• _Dataset extract_
====

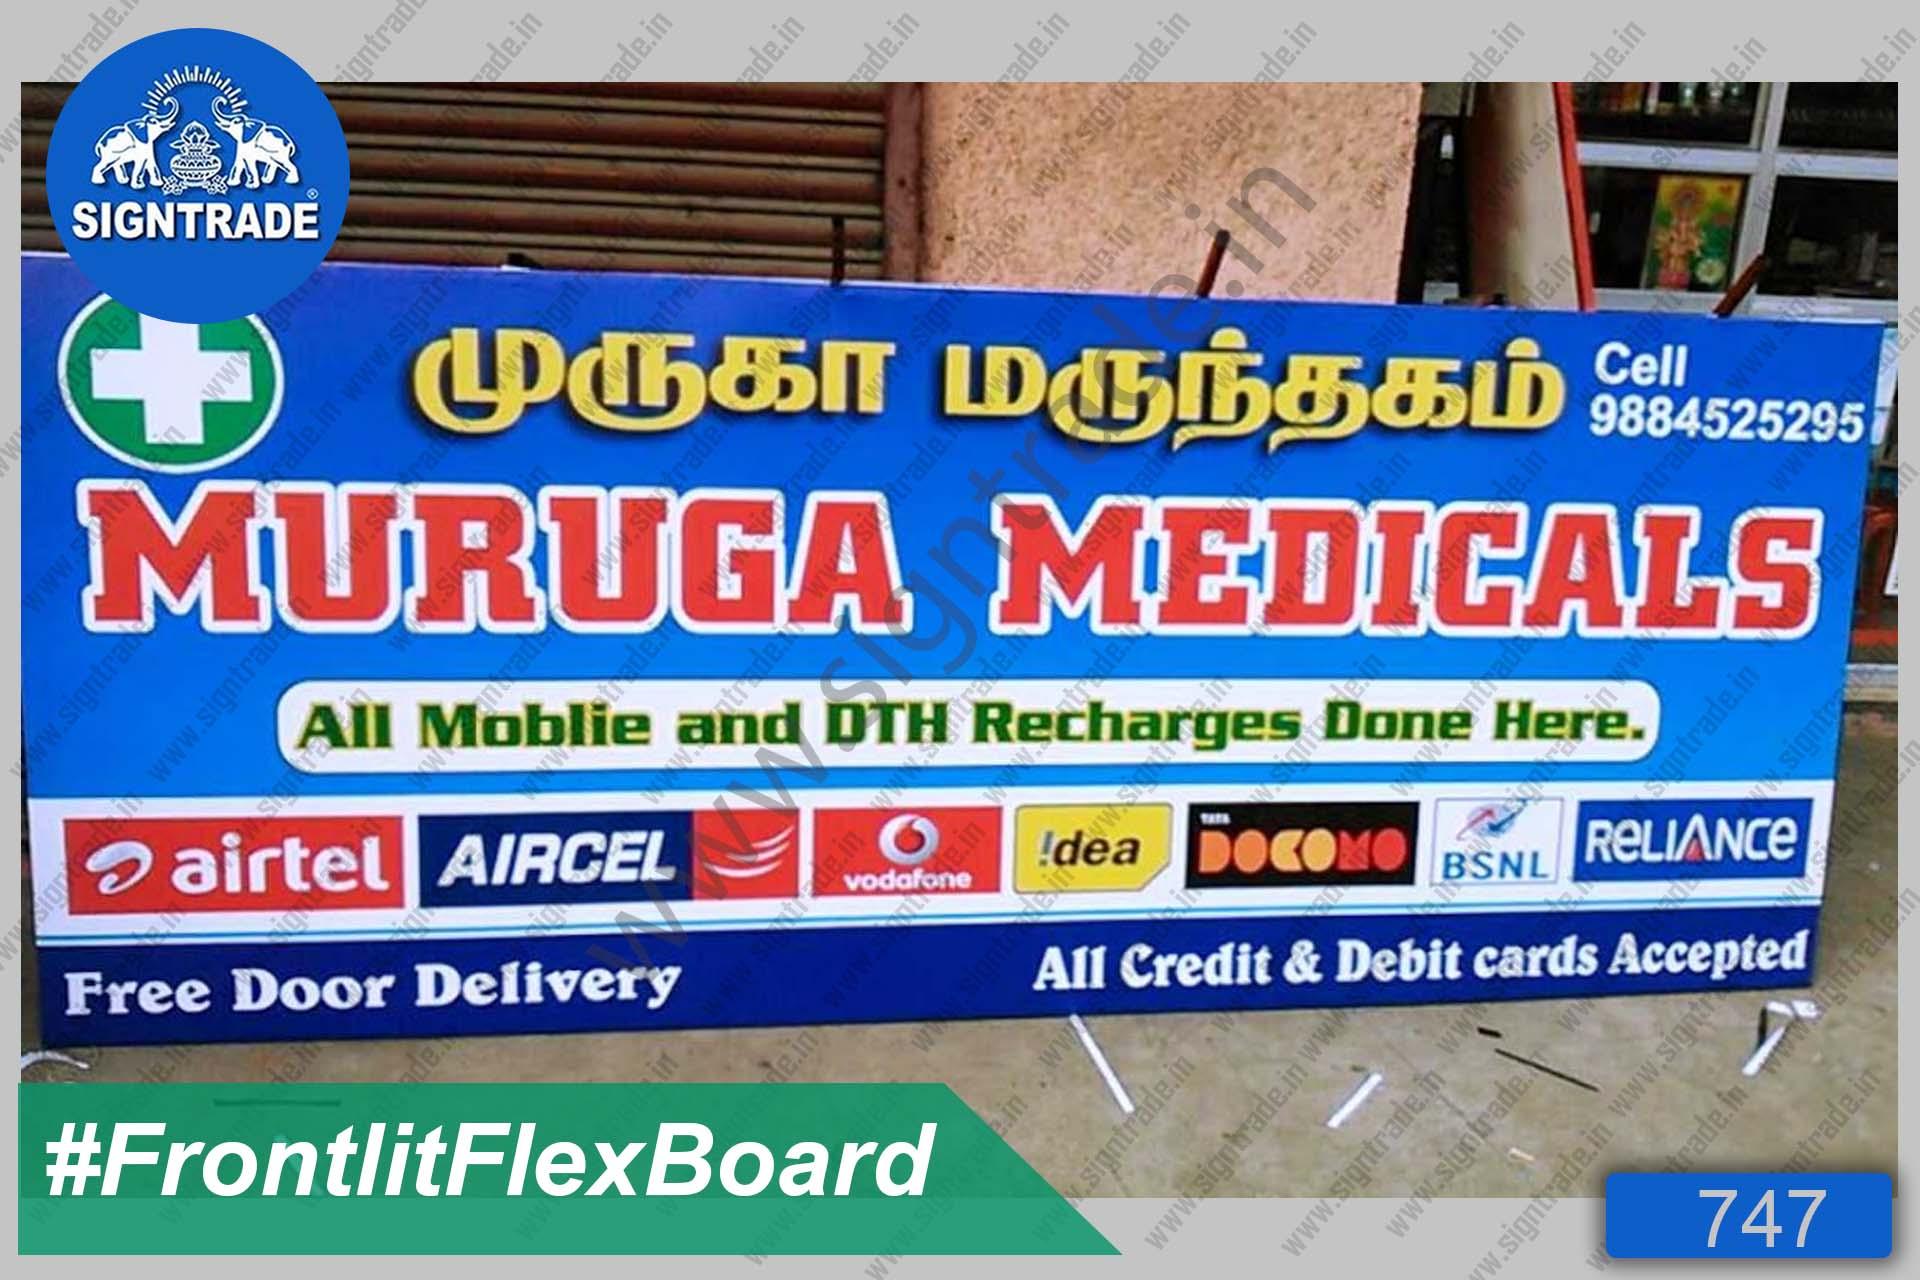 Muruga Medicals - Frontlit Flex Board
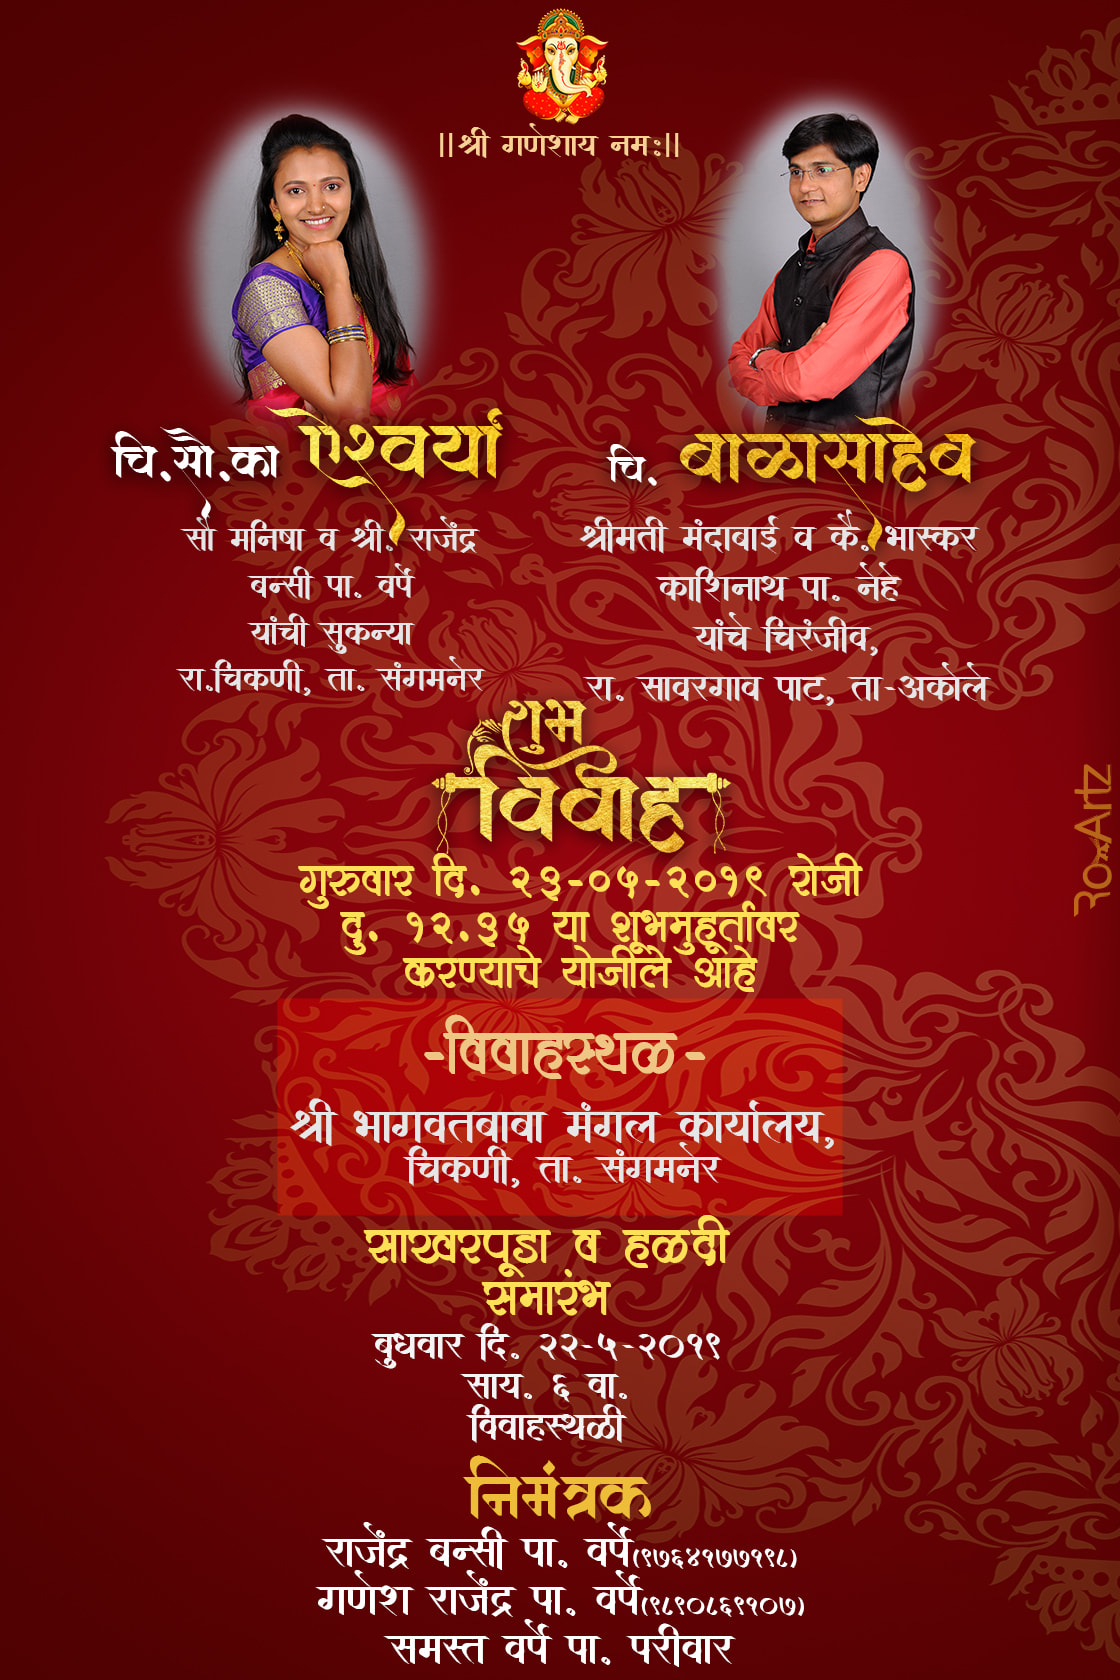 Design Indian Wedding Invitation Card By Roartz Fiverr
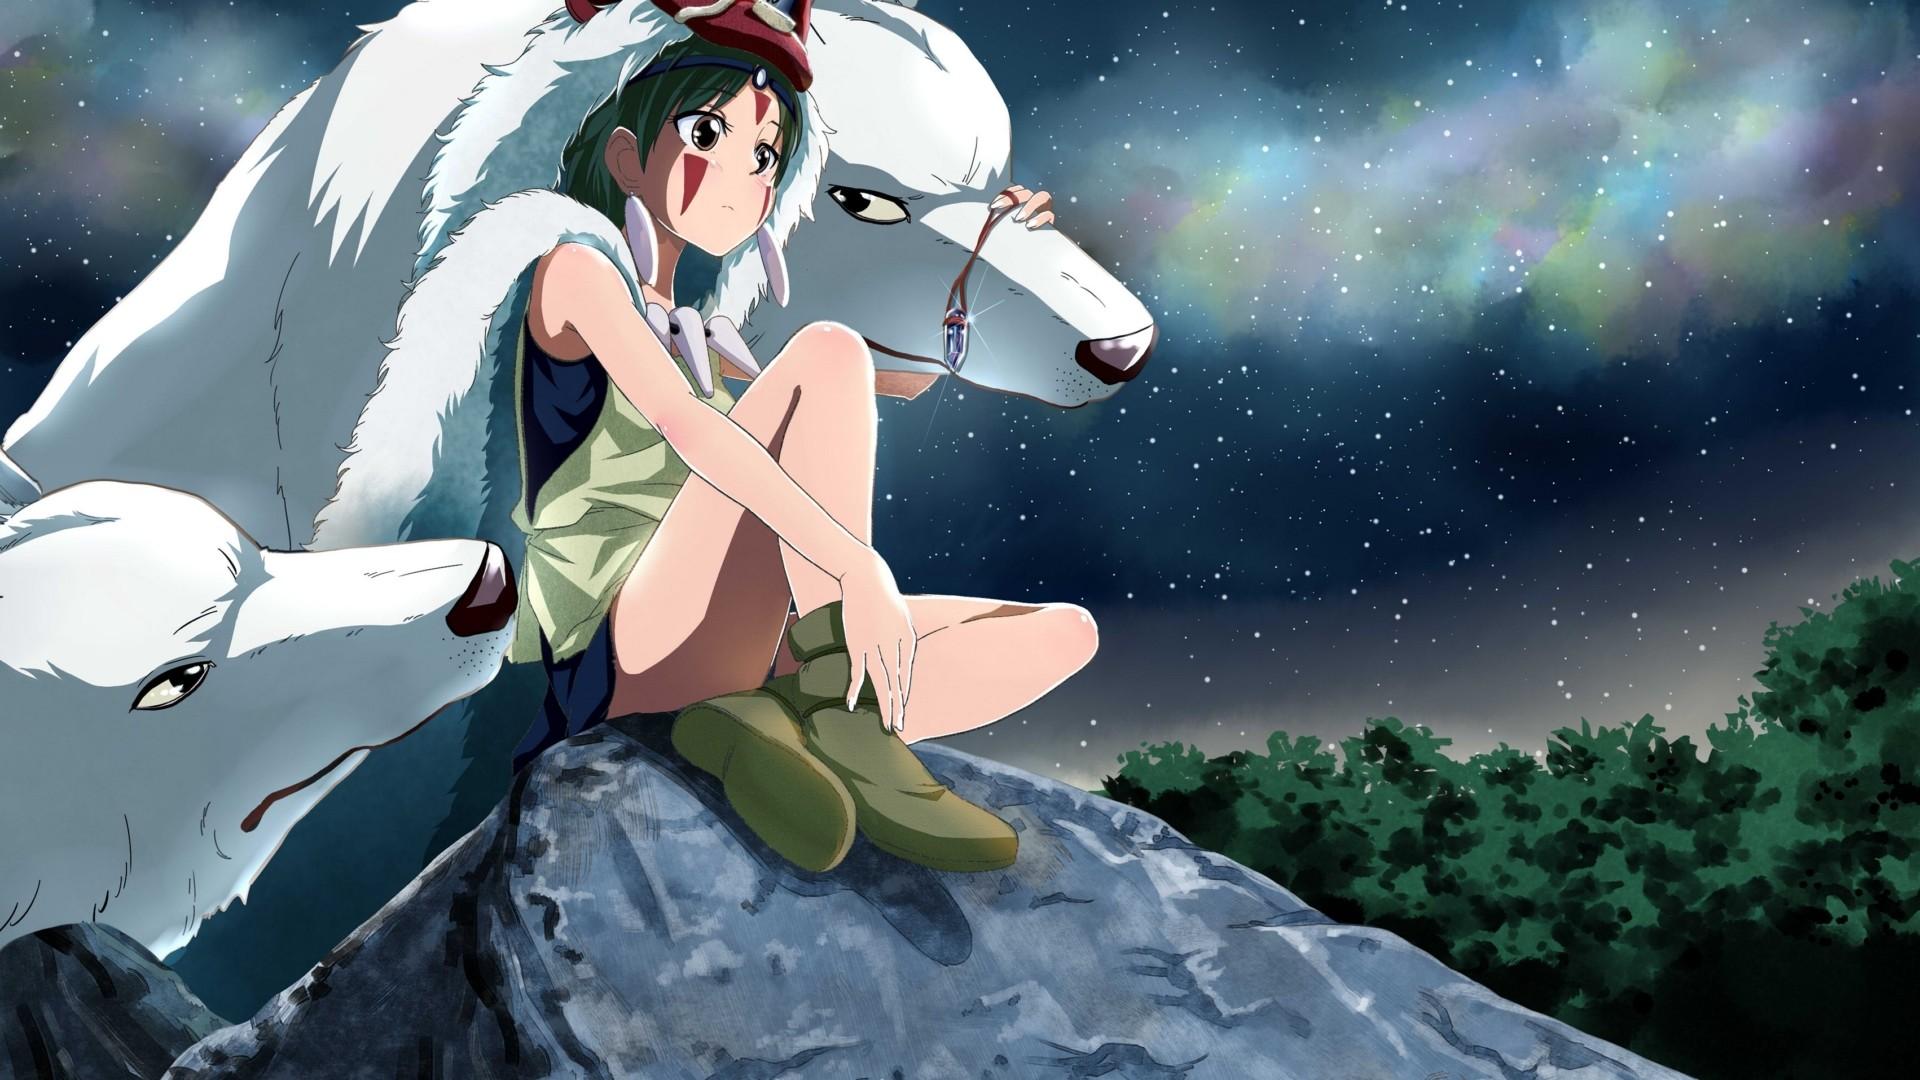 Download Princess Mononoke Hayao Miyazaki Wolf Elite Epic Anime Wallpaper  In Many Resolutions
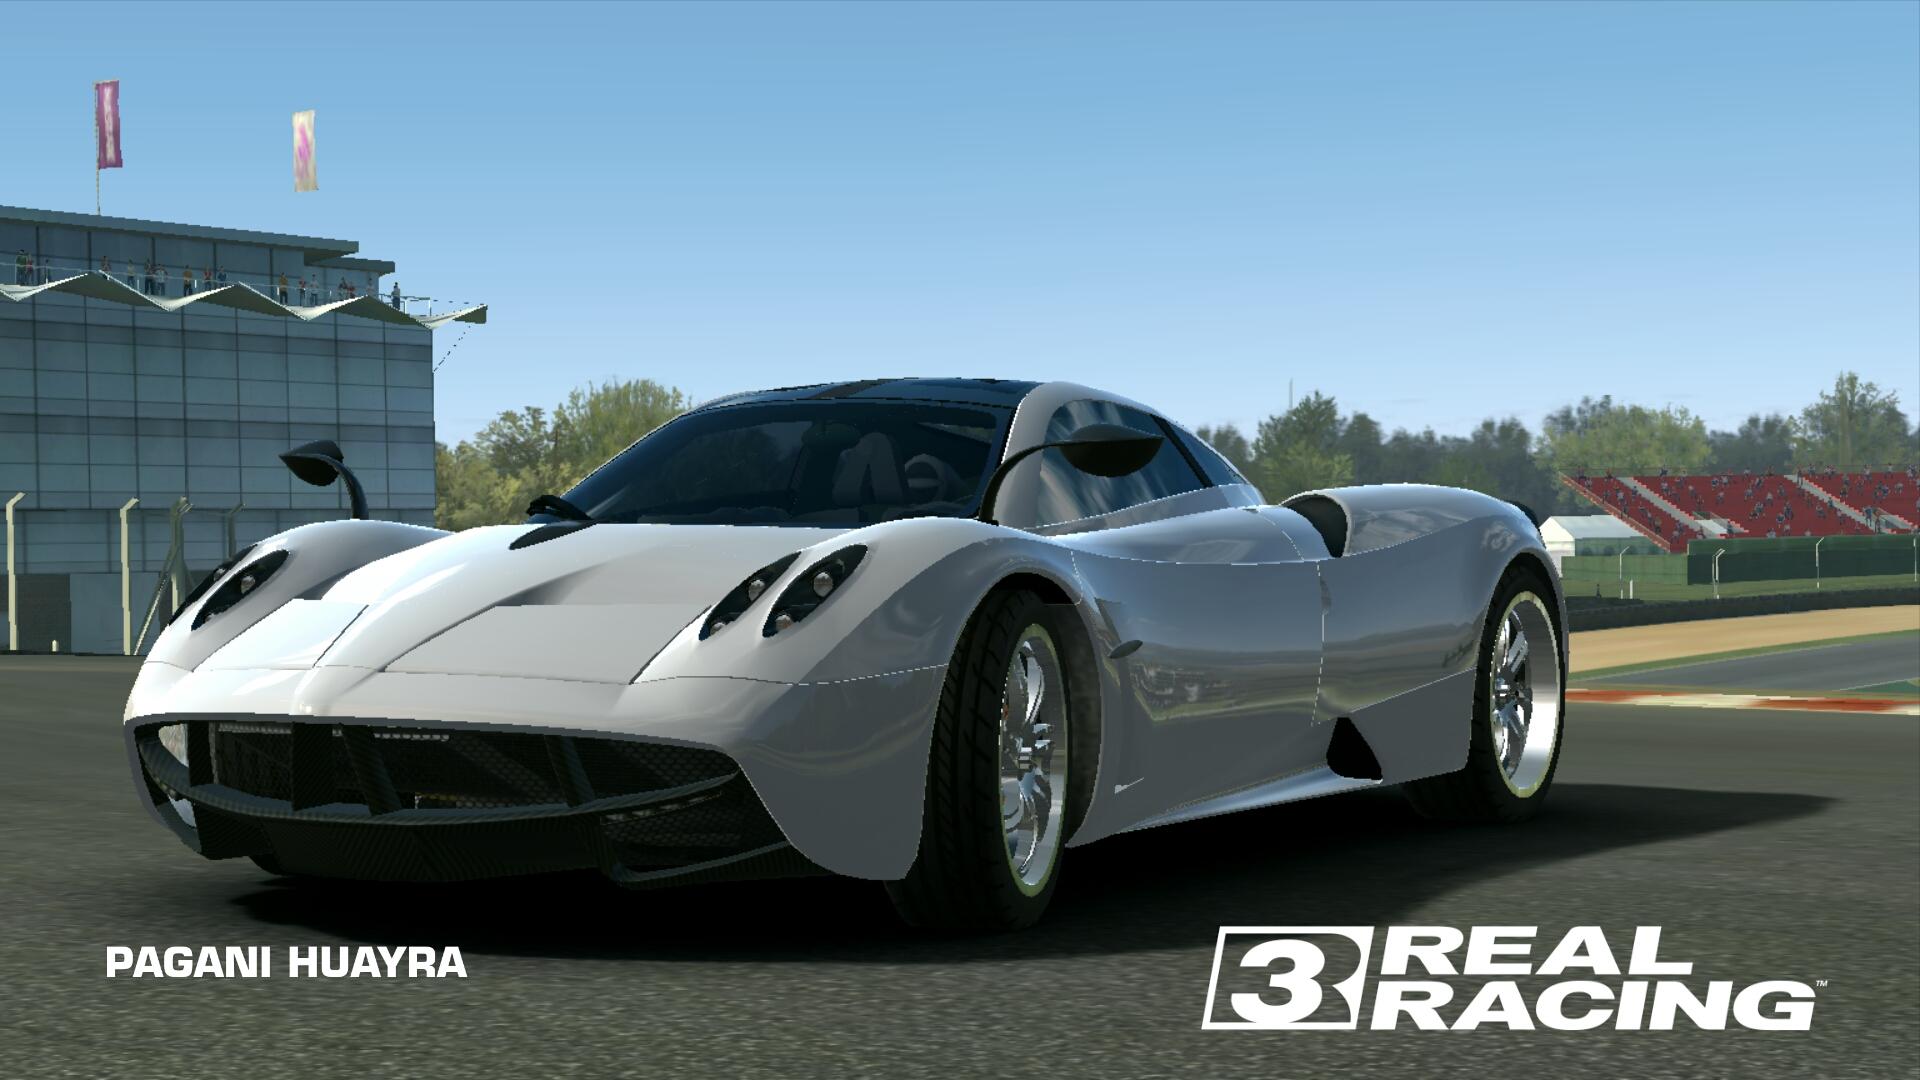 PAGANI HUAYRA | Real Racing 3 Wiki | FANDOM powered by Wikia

====

Retype precisely, and only, the lines from the one holding "Download Princess Mononoke" through the final line of the data above, with the pictures omitted.

 Download Princess Mononoke Hayao Miyazaki Wolf Elite Epic Anime Wallpaper  In Many Resolutions
 PAGANI HUAYRA | Real Racing 3 Wiki | FANDOM powered by Wikia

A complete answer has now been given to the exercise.